(EXCERPTED RECORDS begins)

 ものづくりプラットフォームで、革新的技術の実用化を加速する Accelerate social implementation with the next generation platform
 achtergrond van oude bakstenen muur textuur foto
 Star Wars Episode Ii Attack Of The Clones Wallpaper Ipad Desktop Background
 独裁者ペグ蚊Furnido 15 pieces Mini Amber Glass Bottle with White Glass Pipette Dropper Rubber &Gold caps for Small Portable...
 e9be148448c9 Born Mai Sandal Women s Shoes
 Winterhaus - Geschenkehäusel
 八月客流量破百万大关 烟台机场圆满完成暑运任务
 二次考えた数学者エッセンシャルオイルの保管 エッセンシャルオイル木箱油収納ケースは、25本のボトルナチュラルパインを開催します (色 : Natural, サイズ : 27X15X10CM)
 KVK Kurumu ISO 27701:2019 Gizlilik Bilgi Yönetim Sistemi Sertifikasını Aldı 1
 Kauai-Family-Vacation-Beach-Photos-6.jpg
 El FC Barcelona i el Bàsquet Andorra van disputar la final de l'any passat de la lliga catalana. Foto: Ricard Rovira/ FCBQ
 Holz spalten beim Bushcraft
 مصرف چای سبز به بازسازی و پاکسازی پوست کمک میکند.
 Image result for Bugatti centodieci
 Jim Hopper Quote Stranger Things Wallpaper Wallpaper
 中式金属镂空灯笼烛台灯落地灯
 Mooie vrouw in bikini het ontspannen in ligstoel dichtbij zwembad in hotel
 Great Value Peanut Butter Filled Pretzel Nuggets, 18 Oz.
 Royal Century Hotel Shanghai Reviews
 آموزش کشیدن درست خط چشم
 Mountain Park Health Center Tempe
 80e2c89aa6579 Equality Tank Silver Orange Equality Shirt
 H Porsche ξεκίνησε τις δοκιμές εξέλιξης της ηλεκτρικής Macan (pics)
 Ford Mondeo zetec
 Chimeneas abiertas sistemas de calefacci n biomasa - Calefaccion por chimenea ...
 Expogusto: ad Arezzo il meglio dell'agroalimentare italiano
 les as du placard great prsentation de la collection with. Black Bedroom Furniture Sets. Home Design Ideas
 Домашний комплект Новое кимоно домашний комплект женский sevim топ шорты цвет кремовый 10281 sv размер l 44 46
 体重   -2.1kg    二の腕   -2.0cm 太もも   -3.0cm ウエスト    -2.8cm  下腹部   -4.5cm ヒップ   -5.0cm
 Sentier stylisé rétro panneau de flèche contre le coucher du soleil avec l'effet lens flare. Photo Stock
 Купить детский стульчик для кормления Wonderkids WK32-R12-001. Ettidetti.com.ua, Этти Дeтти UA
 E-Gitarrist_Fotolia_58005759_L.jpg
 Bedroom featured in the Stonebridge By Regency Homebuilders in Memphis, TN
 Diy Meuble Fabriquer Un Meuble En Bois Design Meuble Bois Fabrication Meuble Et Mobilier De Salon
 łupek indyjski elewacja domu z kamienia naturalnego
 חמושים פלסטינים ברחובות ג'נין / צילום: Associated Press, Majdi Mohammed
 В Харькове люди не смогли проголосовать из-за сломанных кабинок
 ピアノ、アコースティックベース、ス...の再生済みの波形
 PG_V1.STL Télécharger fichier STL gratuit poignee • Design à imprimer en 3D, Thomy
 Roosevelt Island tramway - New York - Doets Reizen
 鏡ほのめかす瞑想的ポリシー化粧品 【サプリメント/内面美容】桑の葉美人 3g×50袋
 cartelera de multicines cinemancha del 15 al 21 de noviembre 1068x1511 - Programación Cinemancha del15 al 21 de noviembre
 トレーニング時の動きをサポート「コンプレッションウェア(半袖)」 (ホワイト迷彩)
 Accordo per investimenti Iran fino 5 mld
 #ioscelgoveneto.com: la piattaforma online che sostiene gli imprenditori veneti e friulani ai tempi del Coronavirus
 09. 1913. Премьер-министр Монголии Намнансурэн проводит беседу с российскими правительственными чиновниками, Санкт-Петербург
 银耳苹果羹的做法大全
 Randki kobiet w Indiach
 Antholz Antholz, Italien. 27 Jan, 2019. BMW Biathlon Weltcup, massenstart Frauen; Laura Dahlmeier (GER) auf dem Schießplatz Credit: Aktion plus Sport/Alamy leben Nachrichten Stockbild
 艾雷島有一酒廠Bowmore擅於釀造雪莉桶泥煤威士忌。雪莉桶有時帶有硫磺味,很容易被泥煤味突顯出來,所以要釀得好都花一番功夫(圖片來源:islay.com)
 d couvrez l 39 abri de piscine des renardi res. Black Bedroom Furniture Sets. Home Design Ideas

(EXCERPTED RECORDS ends)

#### [WHAT YOU SHOULD DO]
In the entries above, the lines between the one holding "Купить детский стульчик" and the one holding "Randki kobiet w Indiach", inclusive, are to be printed exactly as written, and those alone.

#### [ANSWER]
 Купить детский стульчик для кормления Wonderkids WK32-R12-001. Ettidetti.com.ua, Этти Дeтти UA
 E-Gitarrist_Fotolia_58005759_L.jpg
 Bedroom featured in the Stonebridge By Regency Homebuilders in Memphis, TN
 Diy Meuble Fabriquer Un Meuble En Bois Design Meuble Bois Fabrication Meuble Et Mobilier De Salon
 łupek indyjski elewacja domu z kamienia naturalnego
 חמושים פלסטינים ברחובות ג'נין / צילום: Associated Press, Majdi Mohammed
 В Харькове люди не смогли проголосовать из-за сломанных кабинок
 ピアノ、アコースティックベース、ス...の再生済みの波形
 PG_V1.STL Télécharger fichier STL gratuit poignee • Design à imprimer en 3D, Thomy
 Roosevelt Island tramway - New York - Doets Reizen
 鏡ほのめかす瞑想的ポリシー化粧品 【サプリメント/内面美容】桑の葉美人 3g×50袋
 cartelera de multicines cinemancha del 15 al 21 de noviembre 1068x1511 - Programación Cinemancha del15 al 21 de noviembre
 トレーニング時の動きをサポート「コンプレッションウェア(半袖)」 (ホワイト迷彩)
 Accordo per investimenti Iran fino 5 mld
 #ioscelgoveneto.com: la piattaforma online che sostiene gli imprenditori veneti e friulani ai tempi del Coronavirus
 09. 1913. Премьер-министр Монголии Намнансурэн проводит беседу с российскими правительственными чиновниками, Санкт-Петербург
 银耳苹果羹的做法大全
 Randki kobiet w Indiach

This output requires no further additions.